Rev. Anselm Bayly (1719 – 14 October 1794) was an English churchman and author of various works, chiefly of a theological and critical nature. He was also a singer and musical theorist, associated with the performance of works by George Frideric Handel.

==Biography==
Bayly was educated at Christ Church, Oxford, where he took the degree of B.C.L. on 12 June 1749, at age 21. He entered the church and rose to some distinction in that profession, becoming minor canon of St Paul's Cathedral and also of Westminster, and sub-dean of the Chapel Royal. On 15 January 1750–51 he was presented by the chapter of St Paul's to the vicarage of Tottenham, Middlesex.

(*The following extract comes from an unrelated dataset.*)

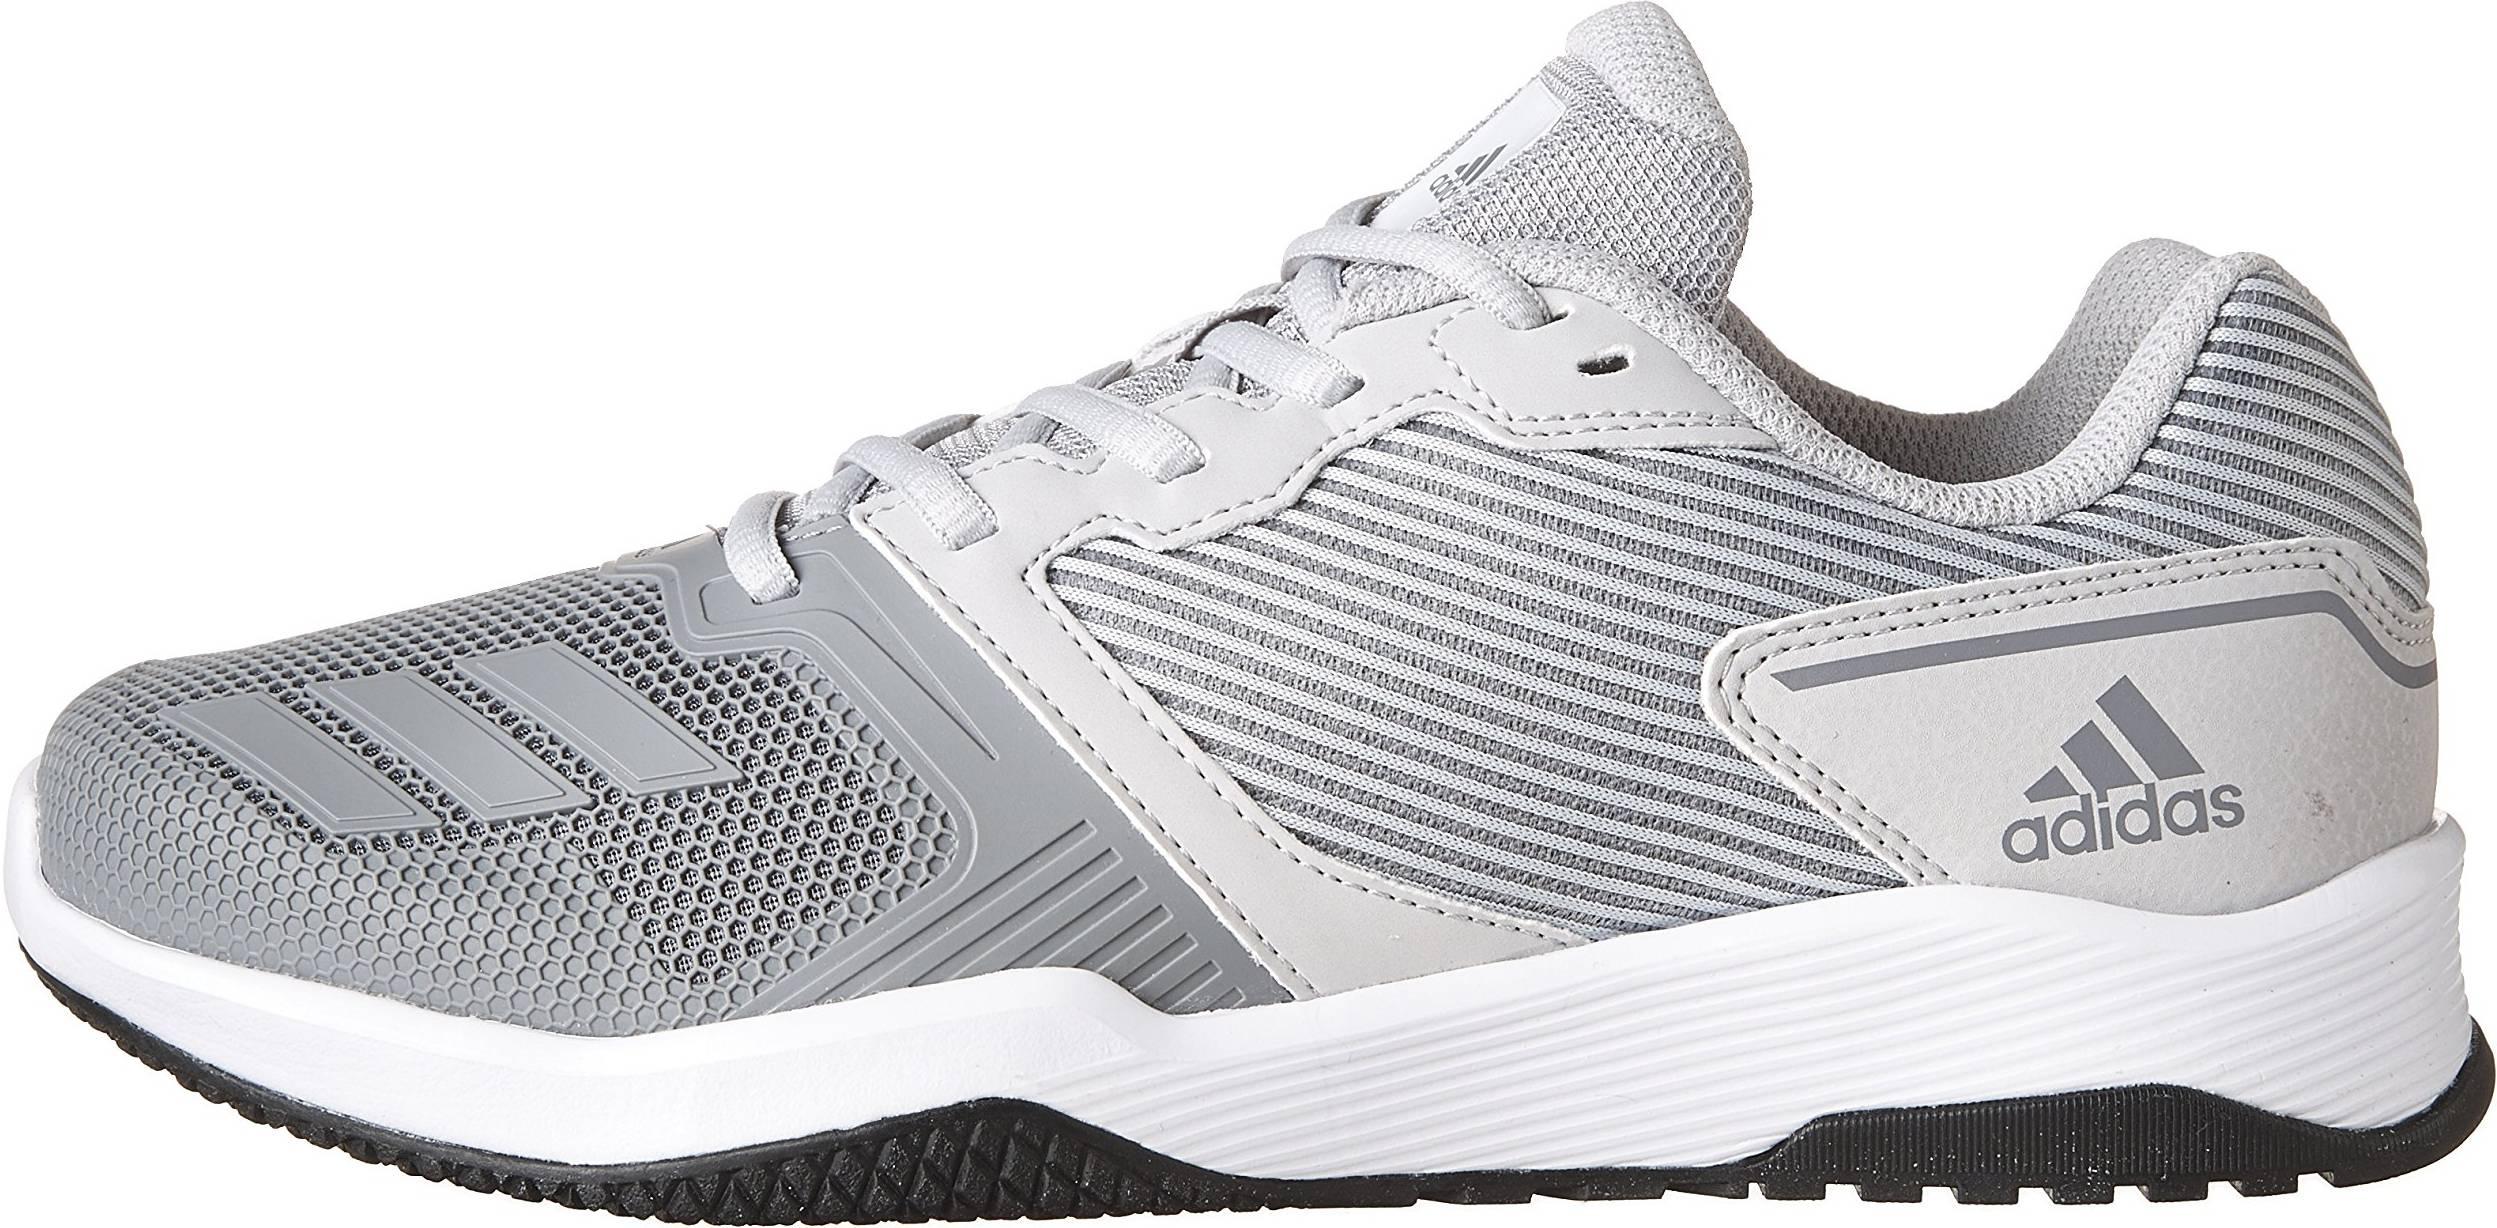 20 Adidas training shoes - Save 52% | RunRepeat

On 10 July 1764, he took the degree of D.C.L. In 1787 he patented an elastic girdle, designed to prevent and relieve ruptures, fractures, and swellings. He died in 1794.

==Works==
- The Antiquity, Evidence, and Certainty of Christianity, London, 1751.
- An Introduction to Languages Literary and Philosophical, especially to the English, Latin, Greek, and Hebrew, exhibiting at one view their Grammar, Rationale, Analogy, and Idiom, London, 1758.
- A Collection of Anthems used in His Majesty's Chapel Royal, London, 1769.
- A Practical Treatise on Singing and Playing, being an Essay on Grammar, Pronunciation, and Singing. London, 1771.
- A plain and complete Grammar of the English Language, London, 1772.
- A Grammar of the Hebrew Language, London, 1773.
- An edition of the Bible with notes, 1773.
- An edition of the Old Testament with notes, 1774.
- The Commandments of God in Nature, Institution, and Revelation, London, 1778.
- Remarks on Mr. David Levi's Answer to Dr. Priestley's Letters to the Jews, (under the pseudonym of Antisocinus). Against Joseph Priestley.
- The Alliance of Music, Poetry, and Oratory, with a dedication to William Pitt the Elder, London, 1789. This work comprises: (1) a theory of music, (2) a dissertation on prosody, (3) a brief treatise on rhetoric.